Is it possible to change somehow code above to generate correct results?
First I think you were fooled by a simple but yet subtle mathematical error you made. In your illustration, you show the first path segment to be from (0,0) to (3,1). This however does not correspond to a "speed" of 4, as your object moves along the diagonal path. For the first line segment you would get a speed of
v = (1**2 + 3**2)**0.5 (= 3.162)
Even less obvious to me is, how you got to a speed of 4 in the second line segment, but you mentioned approximate coordinates, so I will assume, that these are not the exact coordinates that you are looking for.
That put aside, you will not generally be able to get to the exact ending point with different specified speeds, so I will show a solution, that gets just past the ending point and stops there.
import numpy as np
ue_speed = [3, 4, 8, 25]
ue_speed_prob = [0.4, 0.2, 0.3, 0.1]
square_size = 100 # need for scaling
time_interval = 100 # need for scaling
start_coord = [0, 0]
end_coord = [25, 15]
b = end_coord[0] - start_coord[0]
a = end_coord[1] - start_coord[1]
c = (a**2+b**2)**0.5
theta = np.arctan2(a,b)
steps = int(c//(min(ue_speed)*time_interval/square_size) + 1) # fixed scaling issue
v = np.random.choice(ue_speed, size=steps, p=ue_speed_prob)

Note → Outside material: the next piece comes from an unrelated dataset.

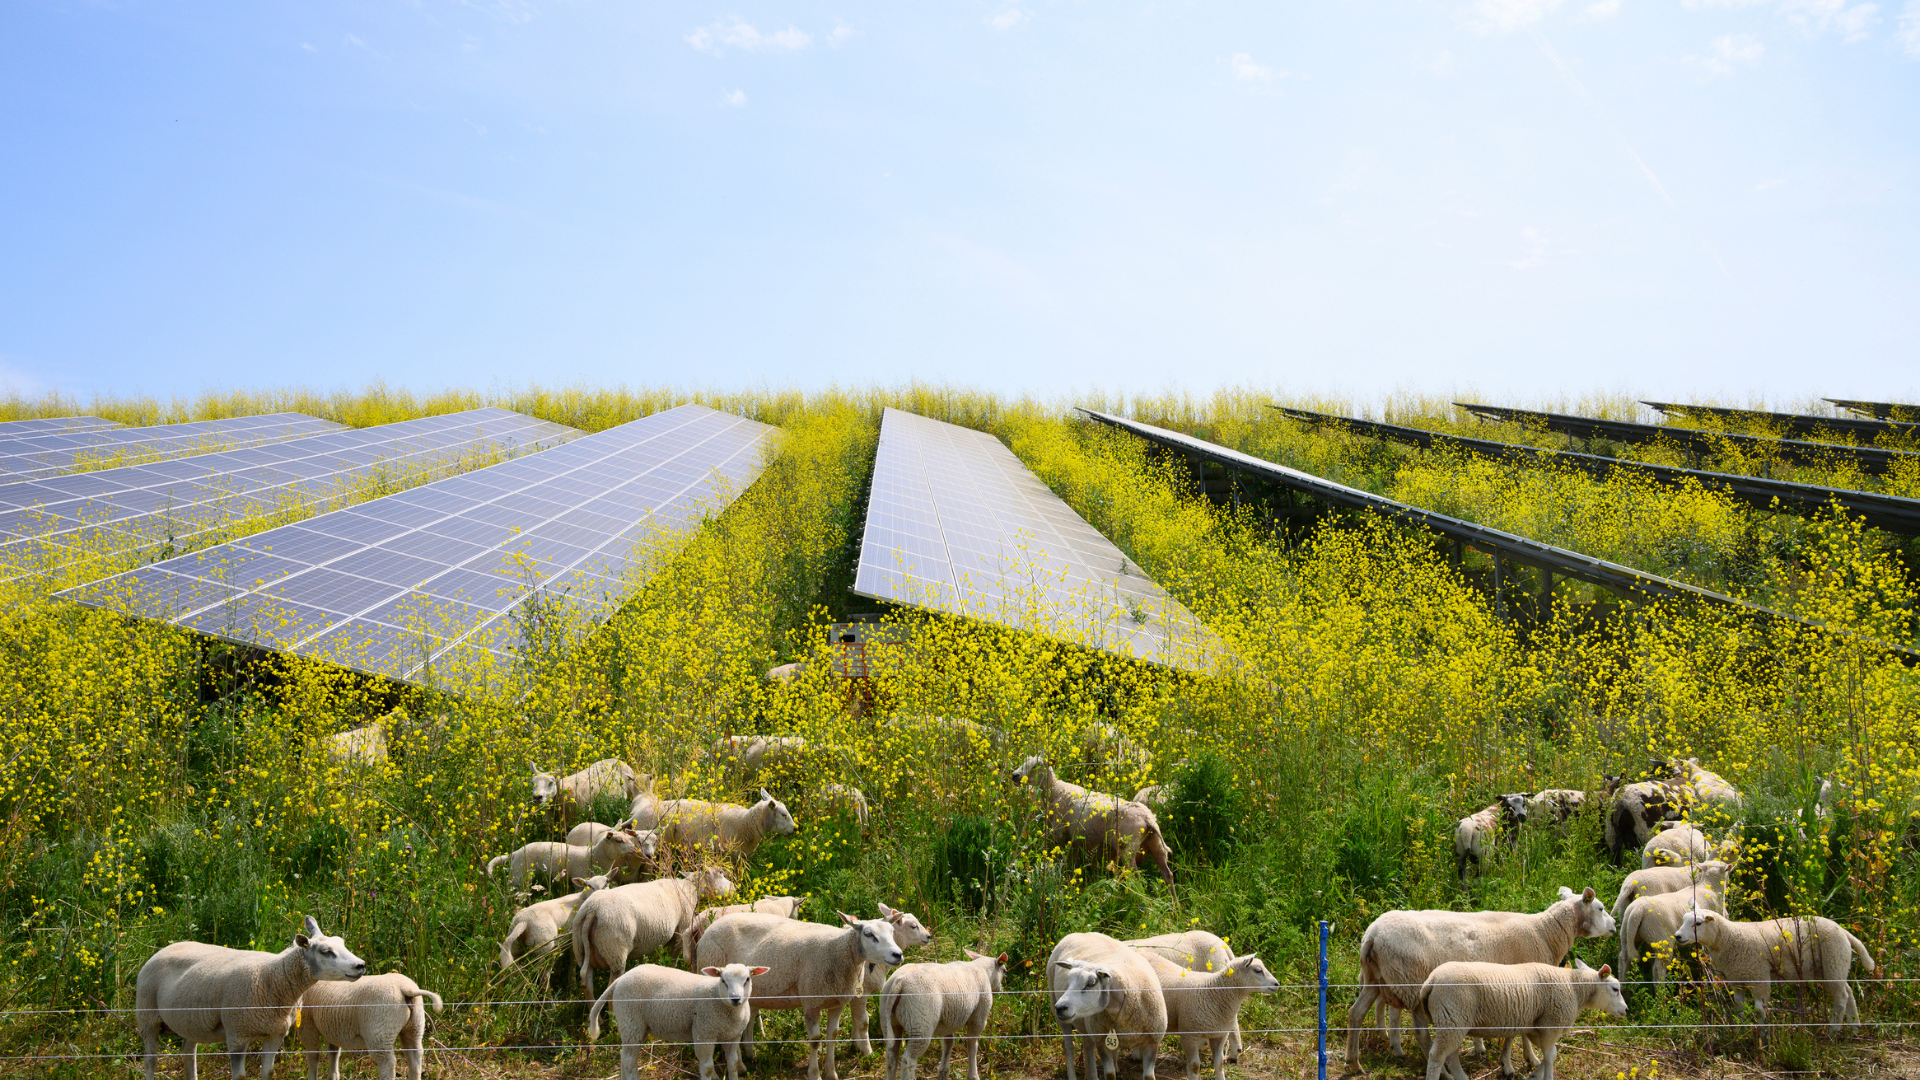 Sheep grazing mustard plants at solar farm.

R = np.cumsum((v * time_interval) / square_size)
R = R[:np.argmax(R>c)+1]
P = np.column_stack((R*np.cos(theta)+start_coord[0],
R*np.sin(theta)+start_coord[1]))
trajectory = P
This will print trajectory as
[[ 2.57247878 1.54348727]
[ 5.14495755 3.08697453]
[12.00490096 7.20294058]
[33.4422241 20.06533446]]
Note: You also made a very serious error in your code, when your converted the result of the math.asin to degrees and then used it again in trigonometric functions like np.sin and np.cos. I strongly recommand you to stick to radiant angle values and only convert them to degrees if you want to print them out.
Also I recommend the use of an arctan2 like function, to correctly get the angle of an x and y coordinate, as this will also work for negative x directions.
Correct, vectorized solution follows.
You will notice one of the samples is the end point. You can play with the numbers.
Also, I think it is best staying with Cartesian coordinates. No need to work with angles at all for this.
import numpy as np
# ue_speed = np.array([3, 4, 8, 25])
ue_speed = np.array([1, 1, 1, 1])
ue_speed_prob = np.array([0.4, 0.2, 0.3, 0.1])
steps = 200 # this parameter hardcoded and should be removed
time_interval = 1 # need for scaling
start_coord = np.array([0, 0])
end_coord = np.array([25, 15])
r_direction = end_coord - start_coord
r_hat = r_direction / np.linalg.norm(r_direction)
v = np.random.choice(ue_speed, size=steps + 1, p=ue_speed_prob)
dr = v * time_interval
dr_vecs = r_hat[np.newaxis, :] * dr[:, np.newaxis]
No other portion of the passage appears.